Before long, it looks like what Rachel's come up with is - a life. A real life, and people she cares about, who care about her. She finds something bigger than her own, small world in her dreams for Amelia, and far from being threatened by echoes from the past, she's finding the courage to face them, one truth at a time.

WARNING: Becoming snappish with those who interrupt your reading may damage relationships. Not everyone should attempt to drive to British Columbia. Tissues not included in the purchase of this book. Avoid reading while operating heavy machinery. Memorizing trivia may preserve your memory, but will not save you in every social situation.
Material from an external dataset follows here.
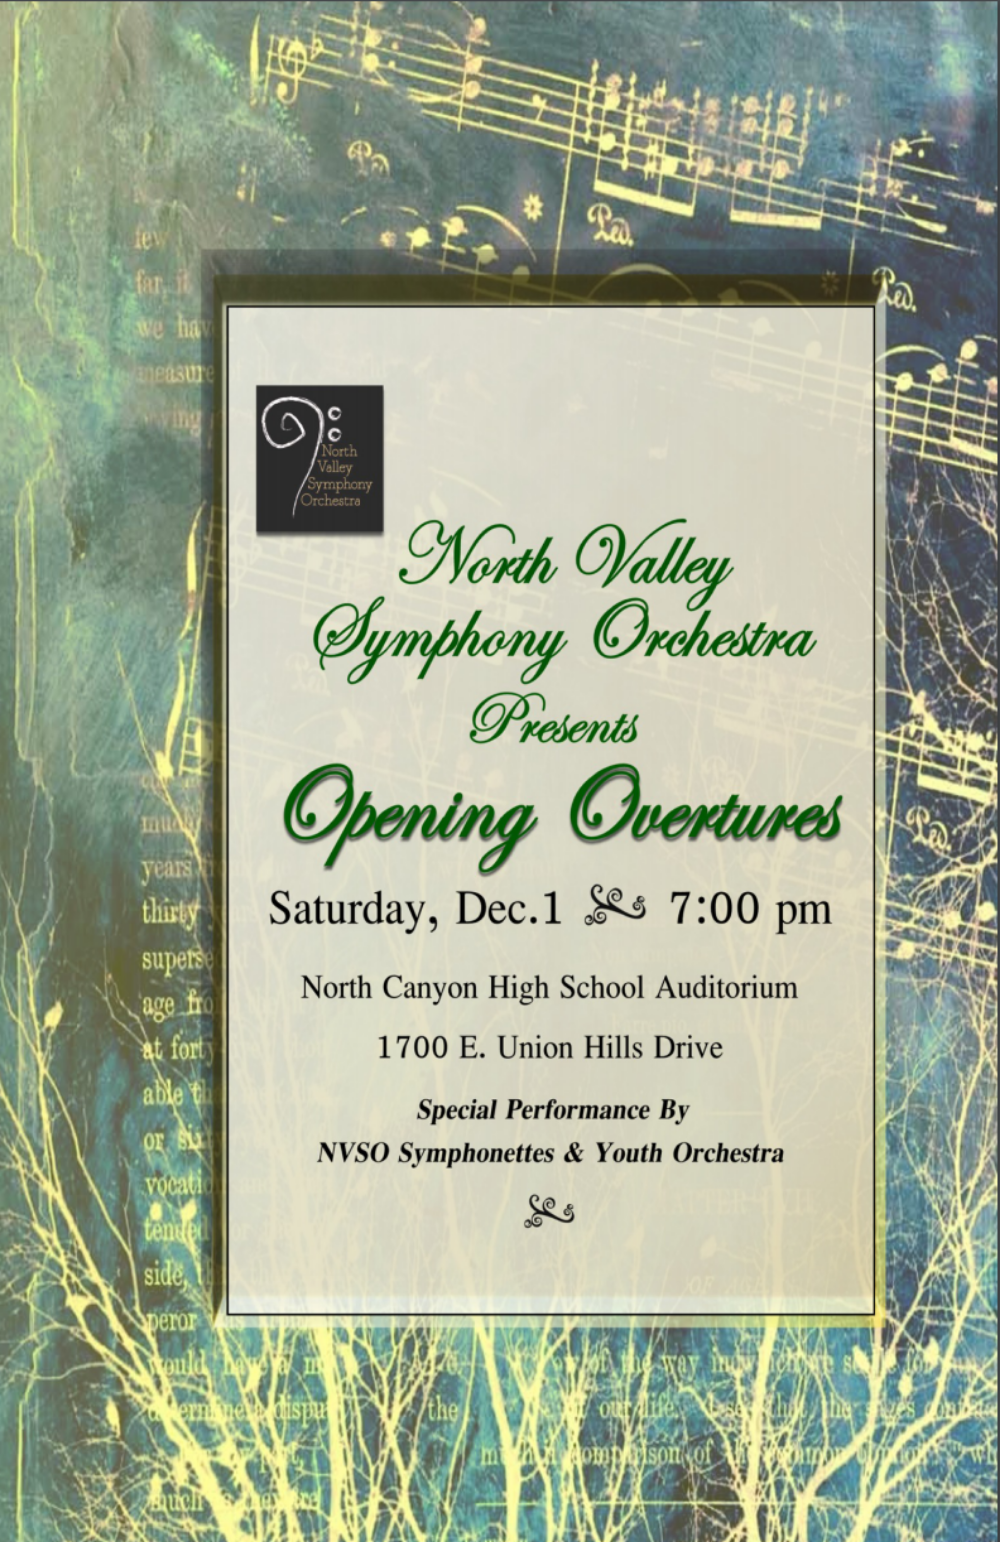 Opening Overtures - December 1, 2012

When a dog gives you a stick to throw, he has given you his whole world.



I gratefully received this book courtesy of the author and her publicist, in return for one Canadian penny's worth of thought. You can find TEN THOUSAND TRUTHS by Susan White online, or at an independent bookstore near you!

3 comments:

susanwhite said...

Very much enjoyed stumbling upon the review of my book Ten Thousand Truths. Thank you for such an insightful essay. I must however point out that the novel is set in New Brunswick not on the prairies as seemed to be inferred in your write up.
Susan White

tanita✿davis said...

@ Susan White ~ Aaaand, this shows how much I know about Canada, and I even have a friend who lives in New Brunswick! Corrected, and thanks for dropping by.

Sarah Stevenson said...

Oh, this one sounds so good! I did love A Little Princess, Anne of Green Gables, and the like. I may not have had a horse phase, but I definitely had an orphan phase.